Was the primary running and accepting connections when you encountered this error? That is, if you specified host="host1 host2", host1 was the non-hot standby and host2 was a running primary? Or only the non-hot standby was running?
If a primary was running, I'd say it's a bug... Perhaps the following part in libpq gives up connection attempts wen the above FATAL error is returned from the server. Maybe libpq should differentiate errors using SQLSTATE and continue connection attempts on other hosts.
Yes, the primary was running, but non-hot standby is in front of the primary in connection string.
Hao Wu and I wrote a patch to fix this problem. Client side libpq should try another hosts in connection string when it is rejected by a non-hot standby, or the first host encounter some n/w problems during the libpq handshake.

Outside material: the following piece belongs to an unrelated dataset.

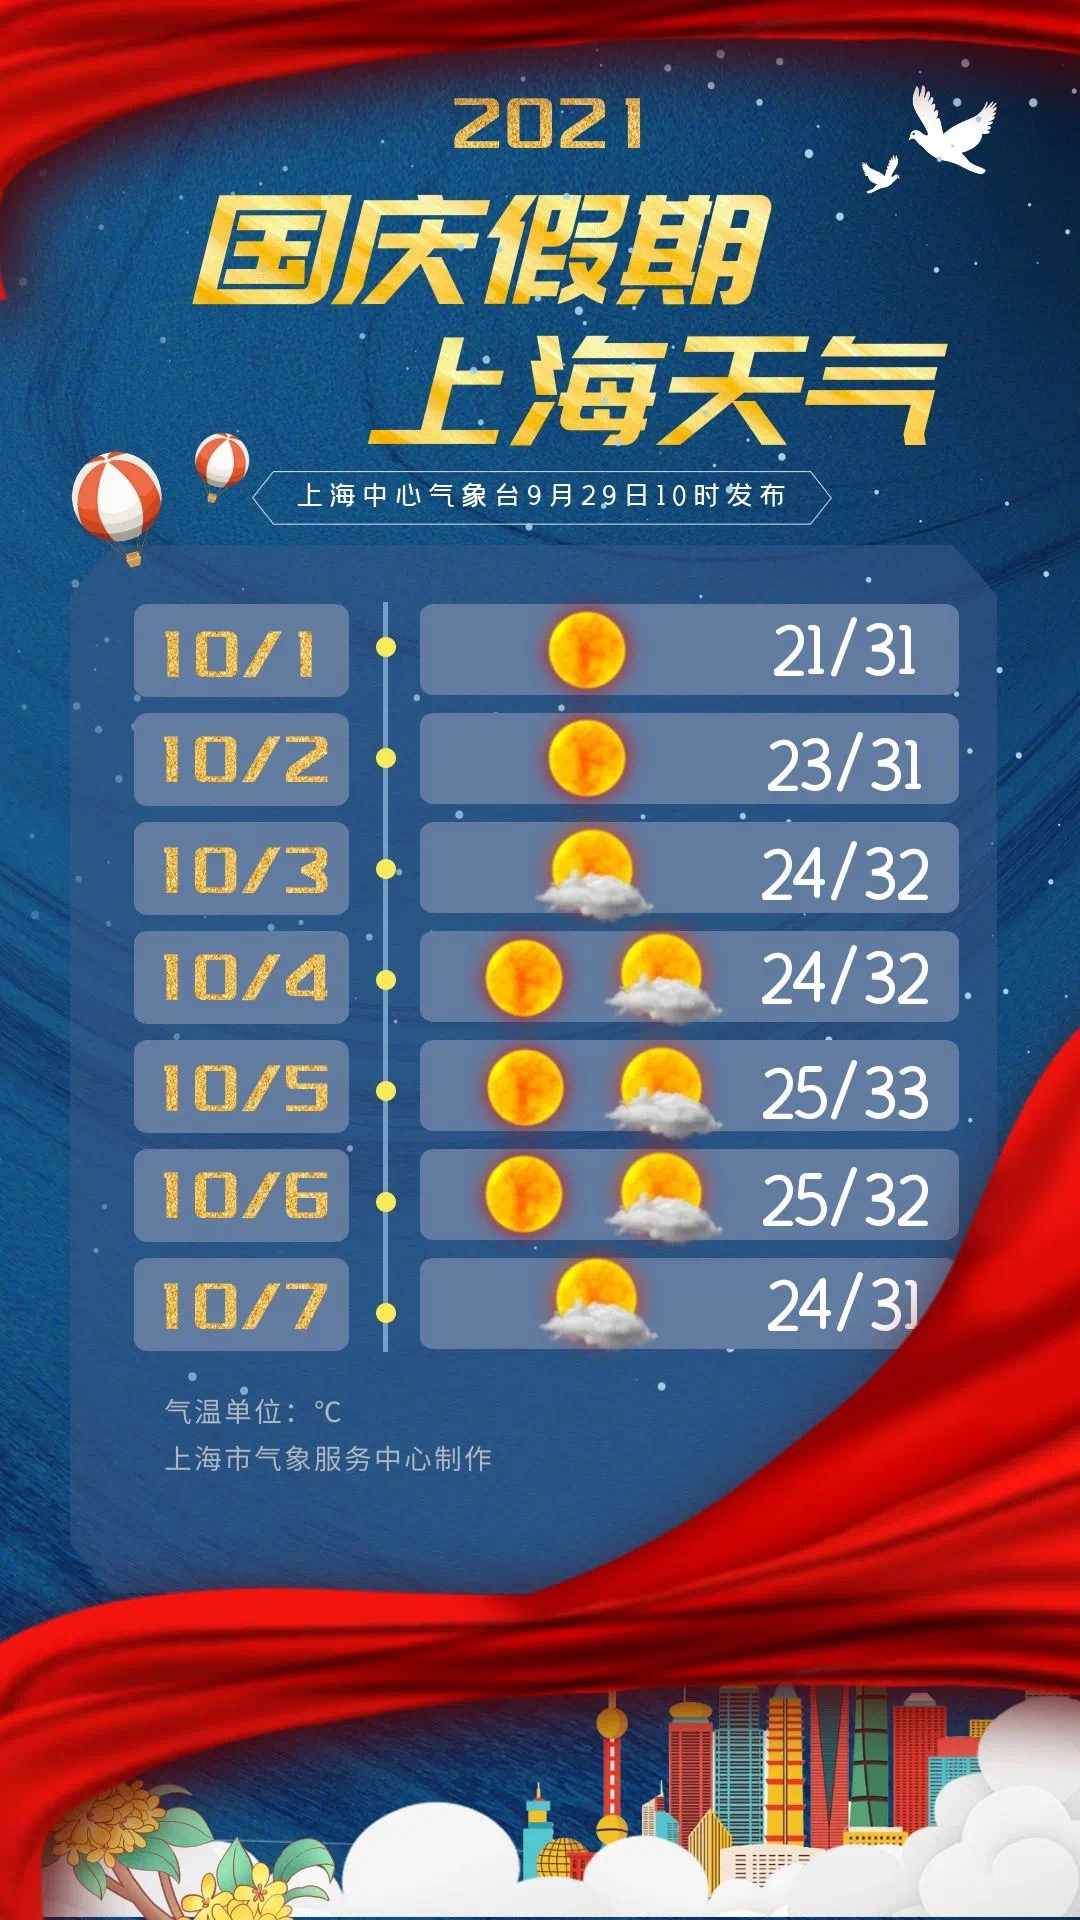 上海国庆天气预报新鲜出炉!天气晴朗气温偏高

Please send emails in text format. Your email was in HTML, and I changed this reply to text format.
Thanks. Is this email in text format now? I just use outlook in chrome. Let me know if it still in html format.
Hubert & Hao Wu
From: tsunakawa.takay@fujitsu.com <tsunakawa.takay@fujitsu.com>
Sent: Tuesday, October 27, 2020 5:30 PM
To: Hubert Zhang <zhubert@vmware.com>
Cc: pgsql-hackers@postgresql.org <pgsql-hackers@postgresql.org>
Subject: RE: Multiple hosts in connection string failed to failover in non-hot standby mode
Please send emails in text format. Your email was in HTML, and I changed this reply to text format.

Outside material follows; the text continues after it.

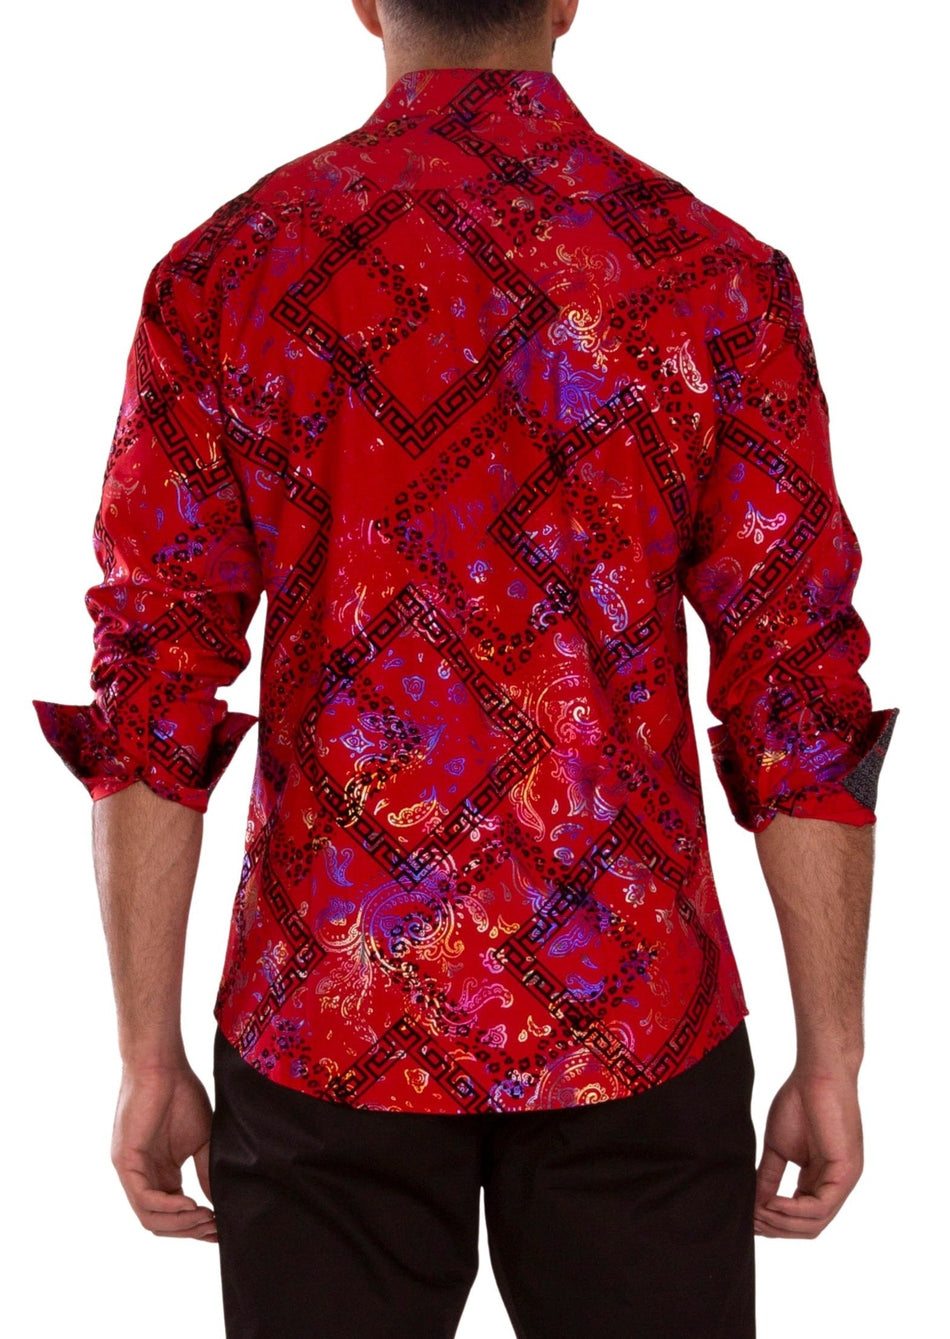 232257 - Red Button Up Long Sleeve Dress Shirt

From: Hubert Zhang <zhubert@vmware.com>
> Libpq has supported to specify multiple hosts in connection string and enable auto failover when the previous PostgreSQL instance cannot be accessed.
> But when I tried to enable this feature for a non-hot standby, it cannot do the failover with the following messages.
>
> psql: error: could not connect to server: FATAL: the database system is starting up
Was the primary running and accepting connections when you encountered this error? That is, if you specified host="host1 host2", host1 was the non-hot standby and host2 was a running primary? Or only the non-hot standby was running?

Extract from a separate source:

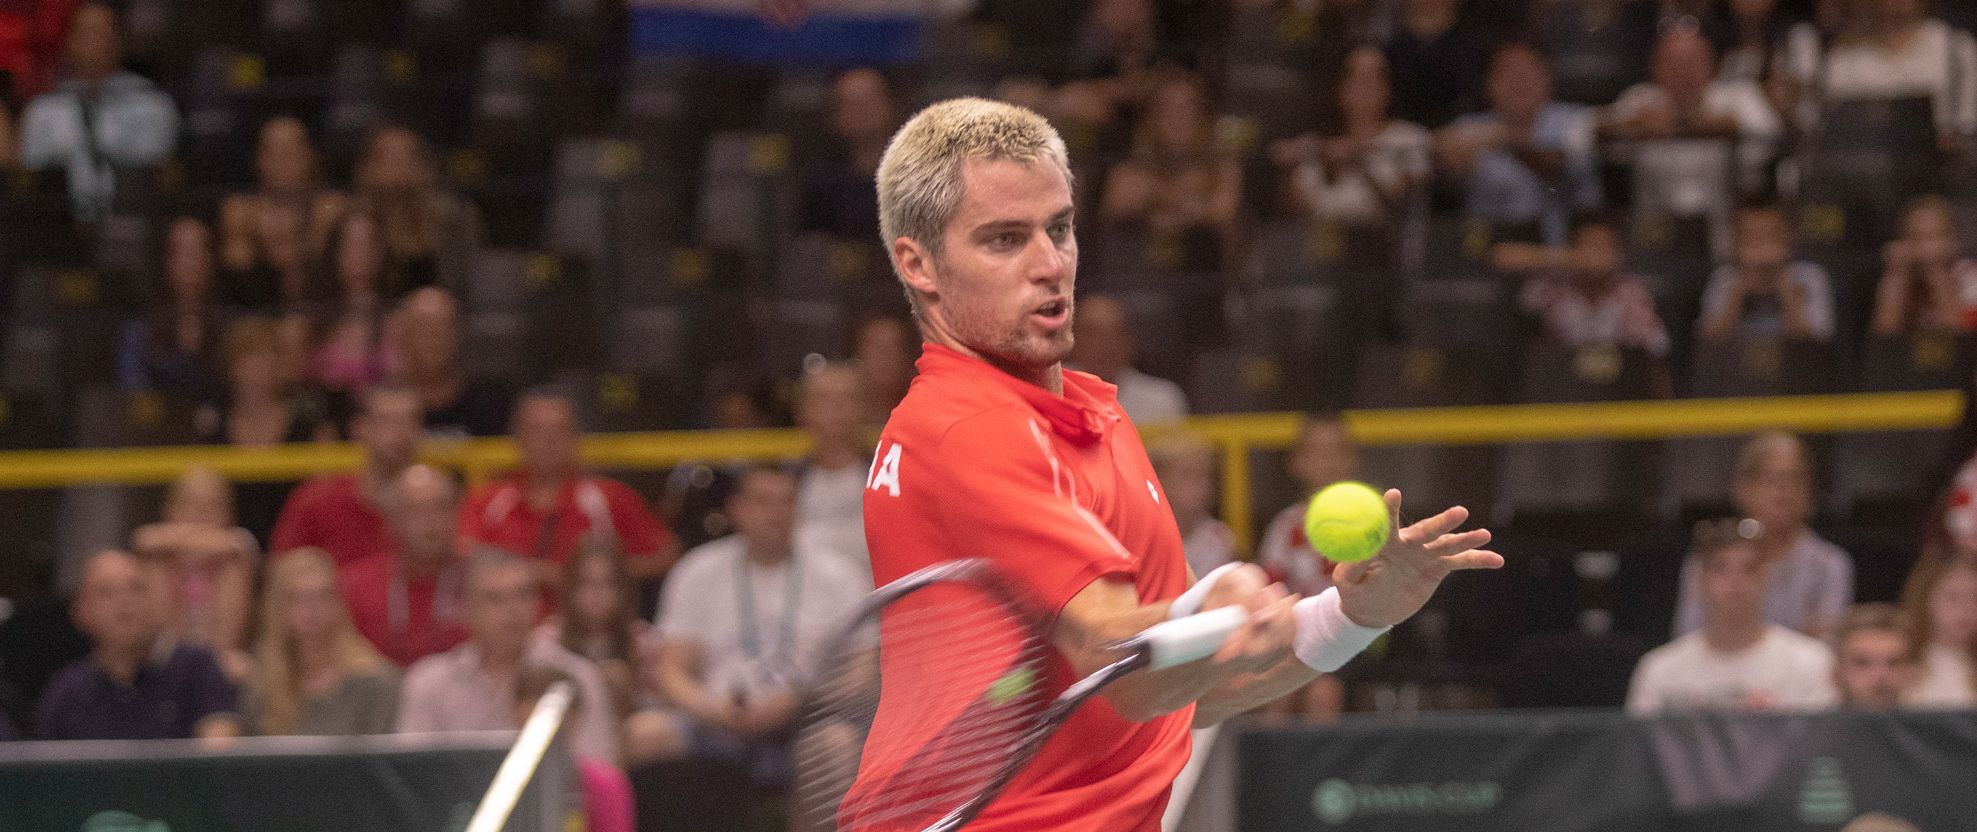 Borna Gojo zaustavljen na startu ATP turnira u Aucklandu, Čileanac uspješniji

If a primary was running, I'd say it's a bug... Perhaps the following part in libpq gives up connection attempts wen the above FATAL error is returned from the server. Maybe libpq should differentiate errors using SQLSTATE and continue connection attempts on other hosts.
[fe-connect.c]
/* Handle errors. */
if (beresp == 'E')
{
if (PG_PROTOCOL_MAJOR(conn->pversion) >= 3)
...
#endif
goto error_return;
}
/* It is an authentication request. */
conn->auth_req_received = true;
/* Get the type of request. */
Regards
Takayuki Tsunakawa